In fact there are nine built-in pingr noises. It’s more useful than it may seem; I was using it within minutes of reading the blog post because I had a series of Bayesian models running on my laptop while I wrote some stuff on my desktop PC. When the models finished, they went ping, making everything as efficient as possible. It got me thinking about beeping alerts in all sorts of data analysis software.
In Stata, you can just type ‘beep’. Job done. In fact, that locates the system general alert sound (in Windows at least) and plays it. I spent some time extracting data from a primary care database recently, where there were several computers grinding through the big data for different researchers in a windowless room. Every now and then, a lion’s roar would emanate from one of them. I found it a bit disconcerting but played it cool until someone told me they had replaced the Windows alert beep with this .wav file for a laugh.
SPSS used to have sound alerts in the General Options menu, but they have quietly (?) been dropped sometime around version 20. The pain about that was it was either on, beeping every time some output was added, or off.
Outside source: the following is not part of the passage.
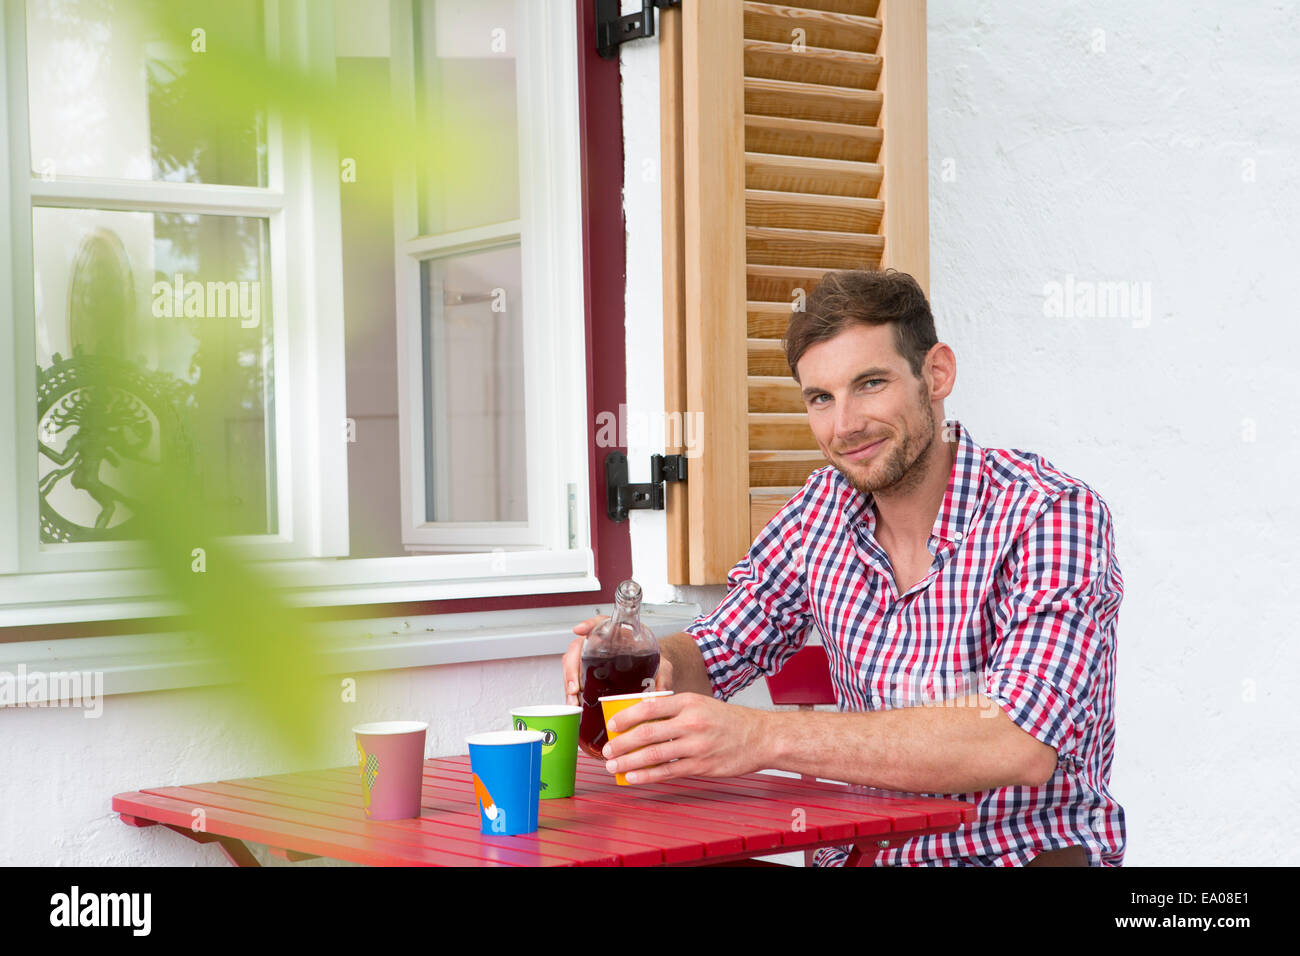 Mid adult man at table pouring soft drink Stock Photo

There didn’t seem to be a syntax command for beeping. However, there is now one (STATS SOUND) in the extension commands package; it’s not clear whether one has to pay extra for that or not, and frankly, I’m not going to bother finding out.
When I’m able to glance at the computer regularly, perhaps because I’m eating what passes for lunch in Stats HQ, I particularly like R’s txtProgressBar with style=3. Stata users can easily display dots in a similar fashion, although it’s interesting to look online and see the alternative solutions, such as displaying progress in the window title, which could have advantages in some situations.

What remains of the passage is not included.